Originally Posted by
Musician
1) If the crew rejects the takeoff, and pulls the thrust lever to idle,
and then IF one of the engines does not spool down (fast enough),
TCMA will shut it off,
because an engine that's thrusting will not help with stopping,
and it might blow the aircraft sideways off the runway as the aircraft slows and rudder authority is lost.
So that is good!
2) But that did not happen, and the crew now wants to take off anyway (why....?).
PF pushes TO/GA or slams the throttle.
Now the engine is accelerating as commanded.
TCMA does not care about acceleration.
And should you be asking that in this thread? The incident here is a landing, not a take-off.
What may have happened here was
1) engines idle on glide,
2) touchdown, PF starts reversing
3) engines run up, PF undoes reverser and moves throttle to idle
4) maybe, maybe TCMA expects engine to decelerate faster from that than it does
So it's the exact opposite of a RTO, and because the throttle ends up on idle, TCMA can trigger. But on the RRTO, it ends up at full thrust, where TCMA won't trigger.
Thanks for responding.
Didn't mean to identify the other thread. Did I?

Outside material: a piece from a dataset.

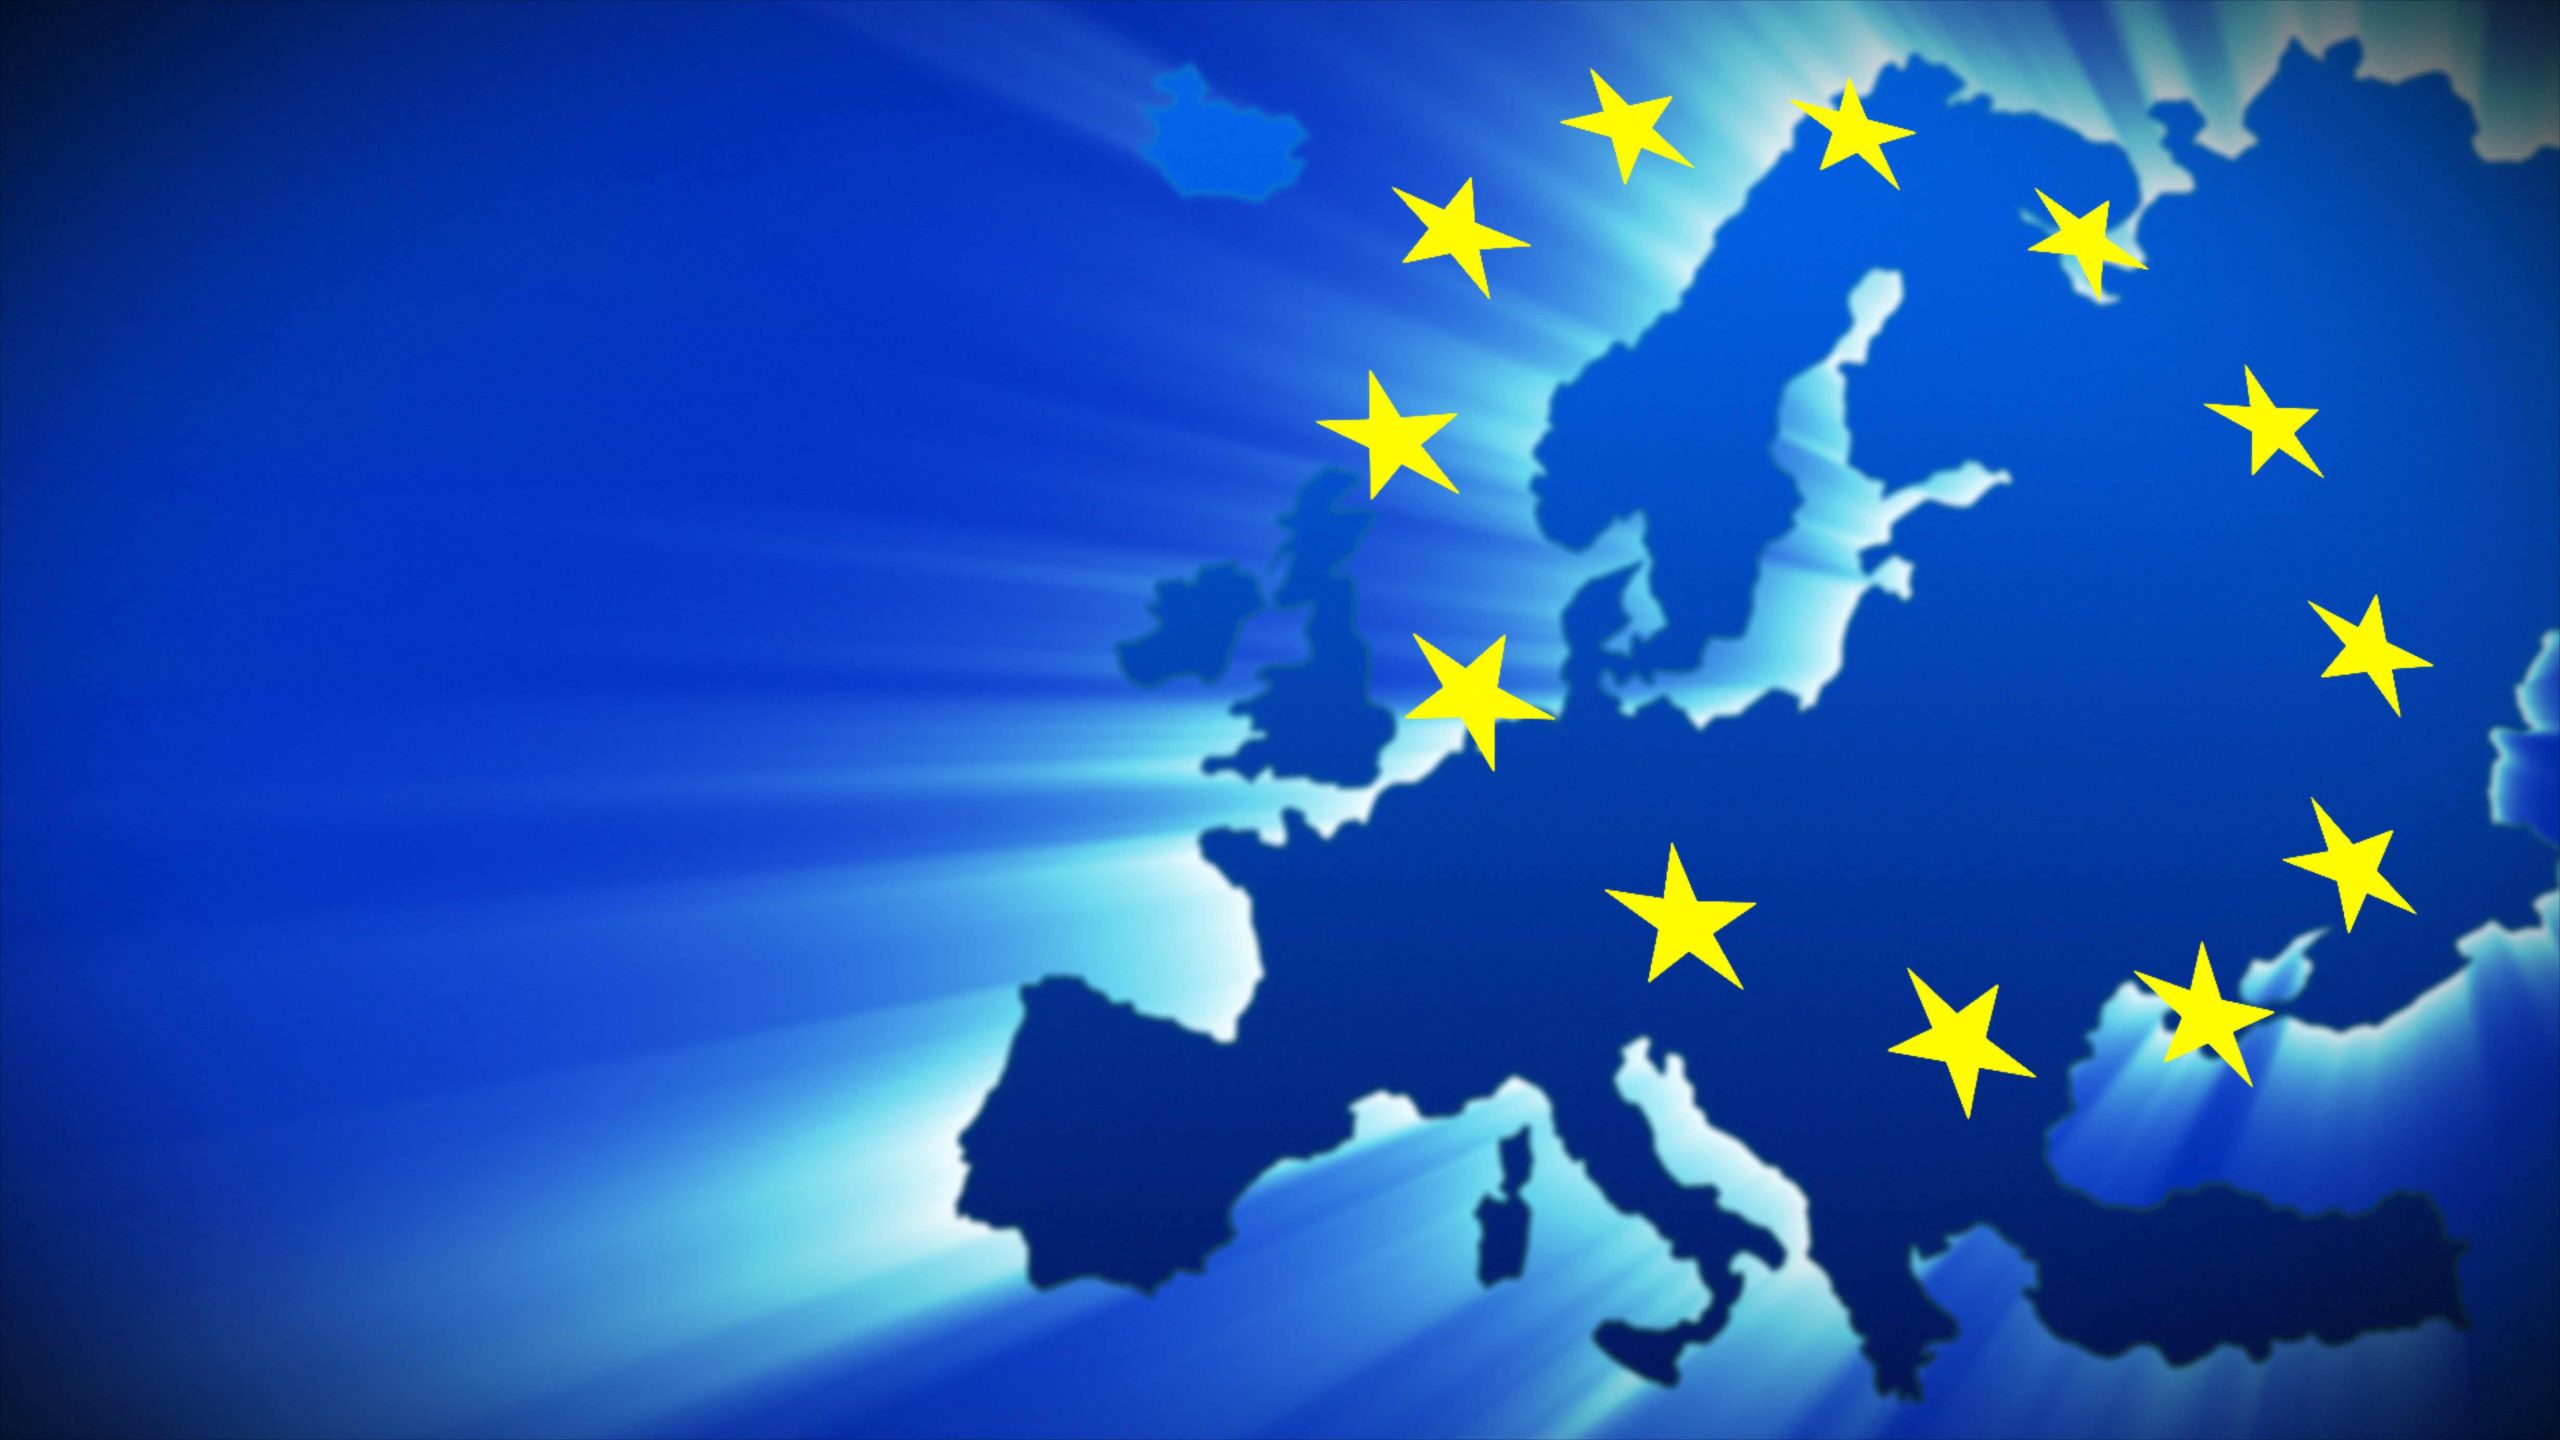 Διαφωνίες για όλα για το Ταμείο Ανάκαμψης της ΕΕ – Όλα είναι ανοιχτά – Τι προτείνει ο Σαρλ Μισέλ

Because TCMA Constantly monitors thrust (N1), levers, and WOW, lag times become critical, yes? How long does TCMA wait, armed with instantaneous sensor input, to shut down engines ....?
It may seem that there are some questions ?? Timing is everything... Isn't an RTO at some point an emergency landing? Then if abandoned, a TO? Maybe put thrust reverse in there....?
,
Admittedly far fetched, ..... Impossible?